A 1970 news-release from the City of Vienna stated that Gottesmann "was a gifted artist, who was a decisive influence on the musical life in Vienna..."

==Career in the United States ==
In 1933, Gottesmann was fired from all of his positions: as conductor at Radio-Wien; as professor at the Akademie für Musik; and his lifetime contract as concertmaster and conductor with the Wiener Sinfonie-Orchester. One reason given for this action was the patronage of the Gottesmann Quartet and the Wiener Sinfonie-Orchester by Hugo Breitner, Austria's unpopular Counselor of Finance (1919-1932). Breitner, known as the architect of Red Vienna, had instituted a progressive luxury tax on the propertied class to provide housing for the poor. Gottesmann took legal action but there is no known documentation of a settlement. Another reason given for the firing was his Jewish ethnicity. Gottesmann accepted conducting opportunities with the Gôteborg Summer Orchestra in Sweden and the Augusteo Orchestra in Rome. In 1936 he immigrated to the United States.

In New York, Gottesmann performed regularly on WQXR-FM. He freelanced with various orchestras such as the Leopold Stokowski Orchestra. He led the second violin section of the Busch Chamber Players and Little Symphony.

In 1942, Gottesmann replaced Robert Mann on the faculty of the Bay View Summer College of Liberal Arts in Bay View, Michigan, now known as the Bay View Music Festival. The school was connected with Albion College. Gottesmann taught violin and performed as soloist and leader of the string quartet. Daniel Majeske studied with Gottesmann in 1948-9 before joining the Cleveland Orchestra in 1955 where he served as Concertmaster from 1969-1993. Peter Sparling, leading dancer with Martha Graham and Distinguished Professor at U-M, was another student of Gottemann in Bay View. Gottesmann remained with the festival 28 years until his death. In 1946, Adolf Busch asked Gottesmann to join the Busch Quartet as violist. For the next six years, he performed in New York and toured the British Isles, Europe, and South America with the group. Beside concert appearances, he made recordings and performed radio broadcasts. The recording of Beethoven's String Quartet Op.59, No. 3. he made with the group in 1951 was awarded the Deutscher Schallplattenpreis when it was re-released November 1, 1998. Author Tully Potter states that the high quality of Gottesmann's playing can be assessed from the 1949 recording of Brahms' String Quartet No. 3 in B♭ major, Op. 67. The 1949 recording of Brahms' Piano Quartet in G minor. Op.25 with Adolf Busch, Hermann Busch, Hugo Gottesmann, and Rudolf Serkin is highly regarded.

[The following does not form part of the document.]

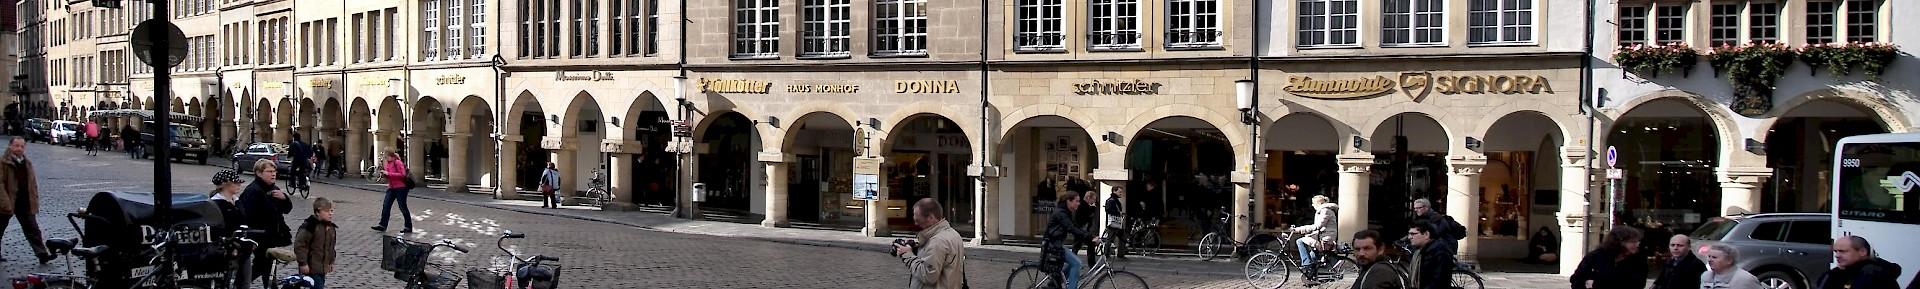 De prinzipalmarkt in de binnenstad van Münster

When Adolf Busch's death forced the Busch Quartet to disband in 1952, Igor Buketoff offered Gottesmann the concertmaster position of the Fort Wayne Philharmonic. During Gottesmann's Fort Wayne tenure, Yehudi Menuhin, Nathan Milstein, Isaac Stern and Rudolf Serkin soloed with the orchestra. Gottesmann also conducted ballet performances and led the string quartet.

==Death==
Gottesmann was diagnosed with stomach cancer in 1951. The cancer was arrested and Gottesmann resumed his career. In 1969, he was again diagnosed with stomach cancer and died January 22, 1970, in Fort Wayne, Indiana.

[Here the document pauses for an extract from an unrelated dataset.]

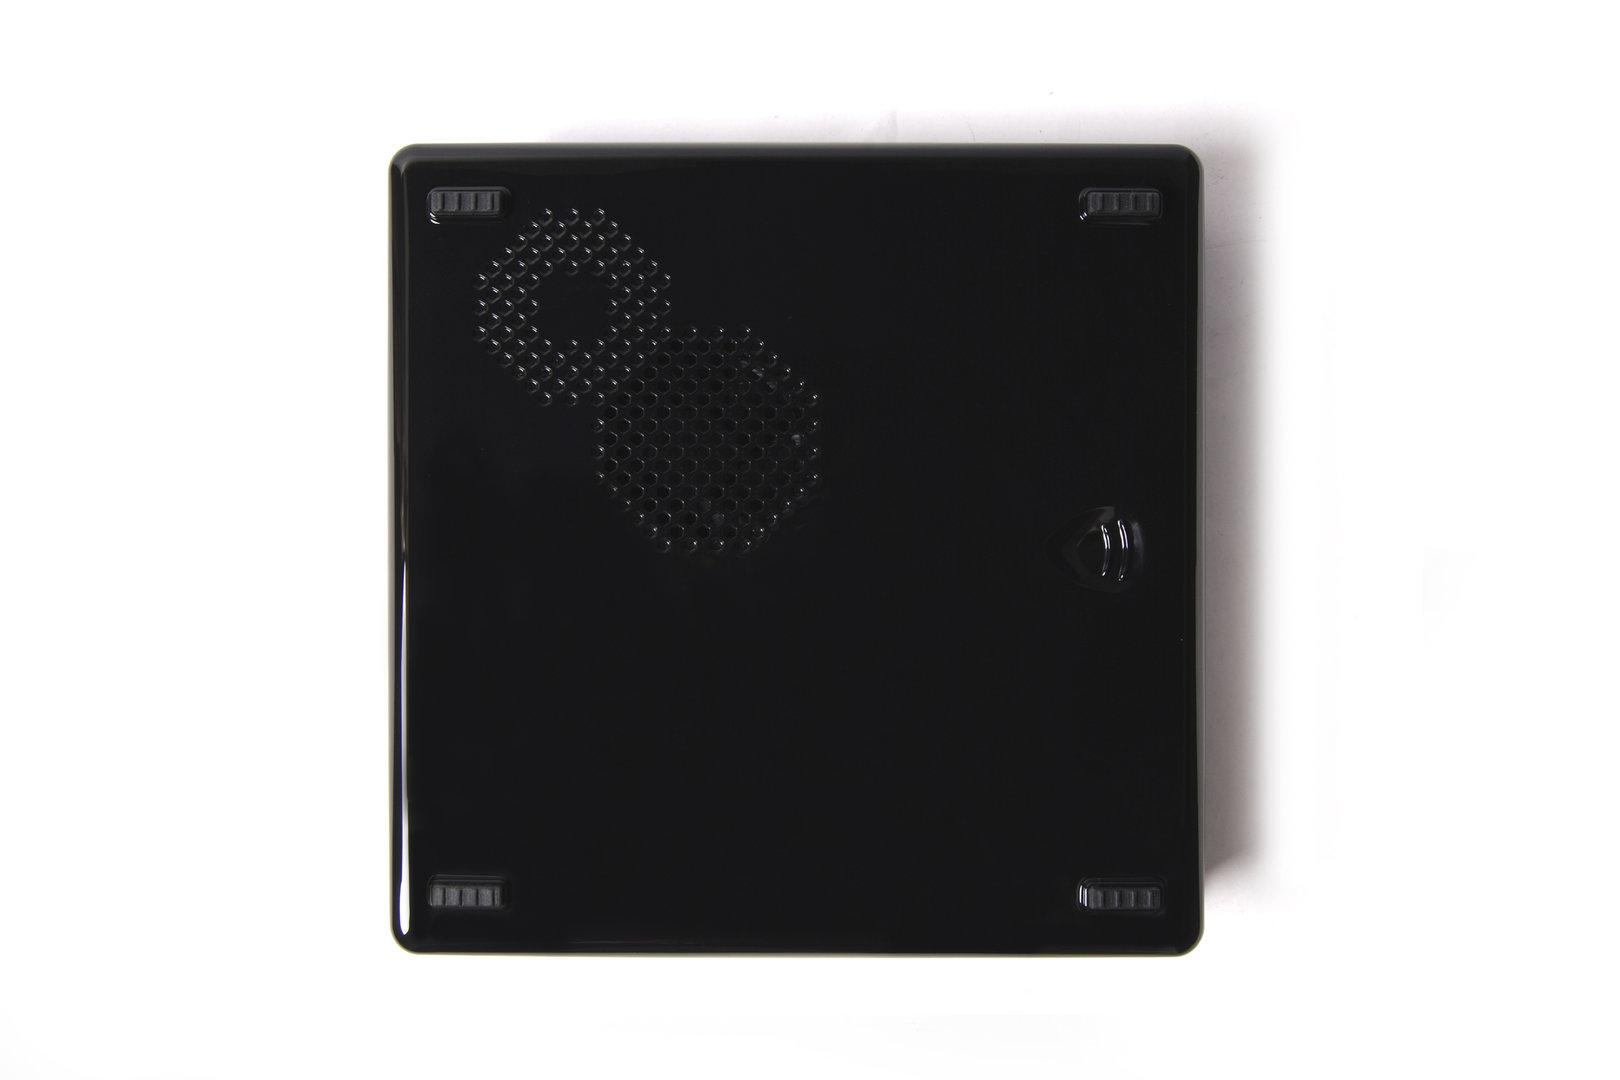 Zbox BI323
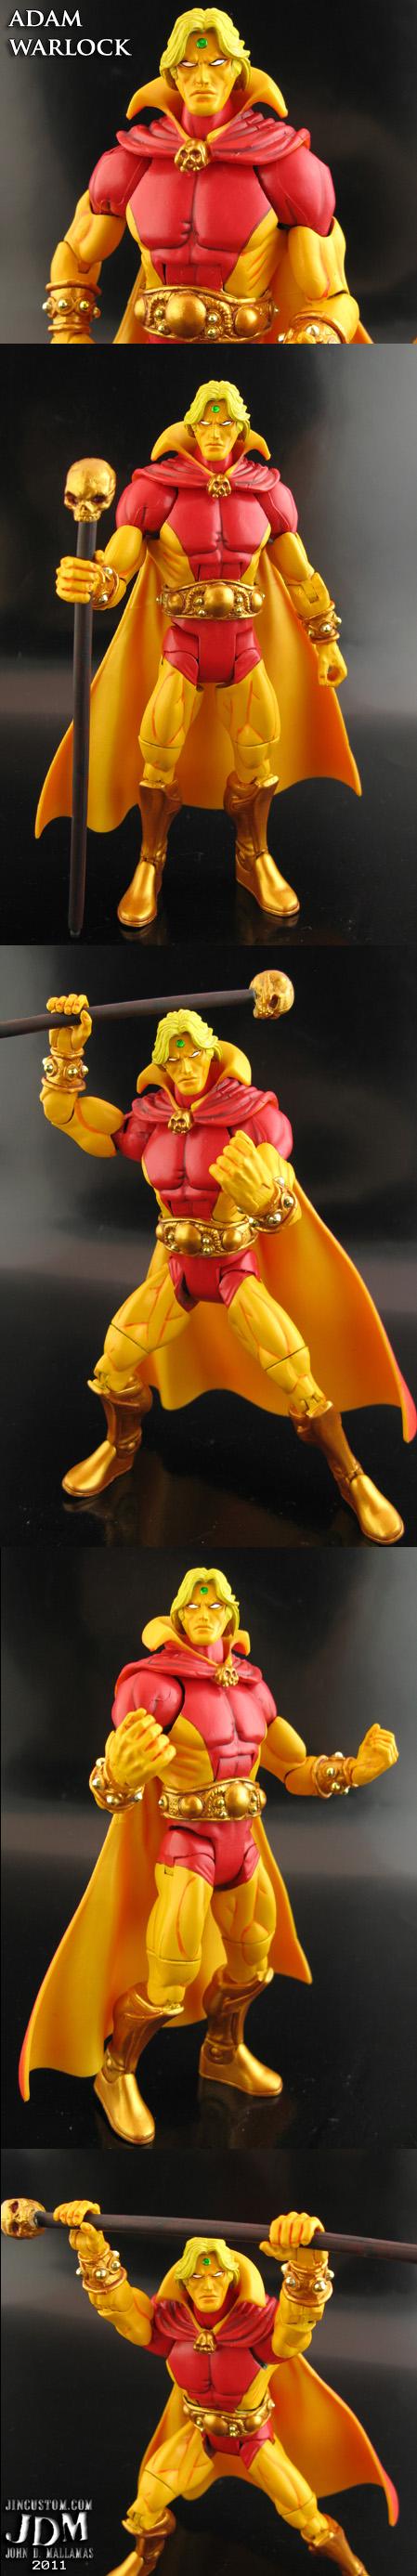 Custom Adam Warlock

==Compositions written for Gottesmann==
For Gottesmann's debut, Hugo Kauder dedicated to the violinist his Sonate für Violine und Klavier in 1919. He also composed his Sonata in G minor for Violin and String Quartet for Gottesmann. in 1923, and his Zwei kleine Sonaten für Violine in 1933. Josef Matthias Hauer (1883-1959) composed his Stücke für Violine und Klavier Op. 41 for Professor Gottesmann now in the collection of the Austrian National Library. Eduard Frank, violinist with the Vienna Philharmonic and later Holocaust victim, composed the Gottesmann-Serenade in 1929 for his friend. Composer Richard Stöhr dedicated his String Quartet E Minor Op. 114 to Gottesmann in the 1940s. Later Adolf Busch composed Prelude and Fugato for Solo Viola for Gottesmann's 52nd birthday.

Gottesmann played a Carlo Ferdinando Landolfi violin. In the Busch Quartet, he performed on a small Domenico Busan viola which Rudolf Serkin borrowed from Austrian collector Elisabeth Bondy, widow of Oskar Bondy.